Revenant à la relation entre l’Écriture et les dogmes, nous constatons que tout dogme, quel que soit le sujet auquel il se réfère (même la Sainte Trinité), est essentiellement une explication de la réalité du Christ, à travers laquelle Dieu se révèle comme une relation existentielle vécue, c’est-à-dire comme vérité. Ce n’est pas un hasard, par exemple, si le premier concile œcuménique, bien qu’il ait posé les bases de la théologie triadique, l’a fait à l’occasion et sur la base de la vérité sur la personne du Christ – il en va de même pour tous les conciles œcuméniques ultérieurs, même lorsqu’ils ont abordé des sujets différents.
Cela signifie que l'expérience apostolique, attestée dans la Bible, constitue l'enseignement dogmatique premier et fondamental, dont les autres dogmes ne font qu'interpréter. Par conséquent, aucun dogme ne peut contredire cette expérience, mais seulement l'éclairer. L'expérience et la tradition apostolique sont d'une importance décisive pour le dogme.
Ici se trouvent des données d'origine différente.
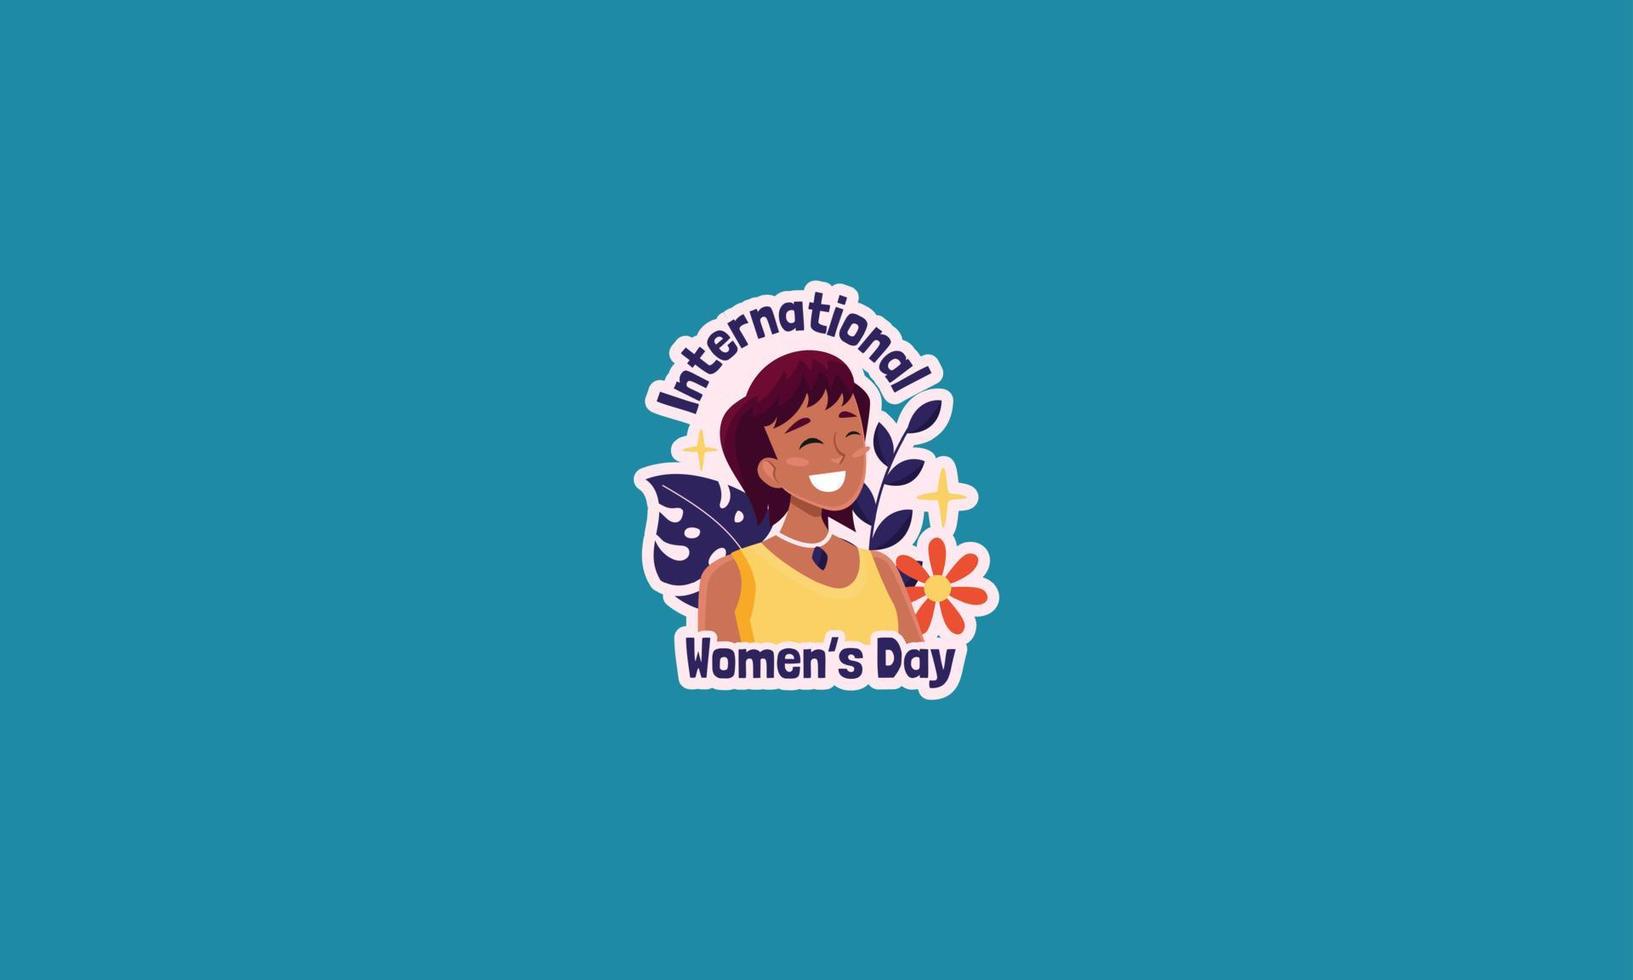 diseño plano del ejemplo del vector de la celebración del día de la mujer

Ainsi naît une continuité des dogmes, une relation entre eux, qui peut être comparée à des icônes du Christ peintes par différents hommes à différentes époques et avec les outils que chaque époque fournit. Cette relation a à la fois une dimension externe – fidélité à la tradition antérieure et en fin de compte à la Bible – et une dimension interne – préservation de la même relation existentielle entre Dieu, l’homme et le monde qui s’est réalisée et révélée dans le Christ.
Extrait de : Conférences sur la dogmatique chrétienne {Μαθήματα Χριστιανικής Δογματικής (1984-1985)}.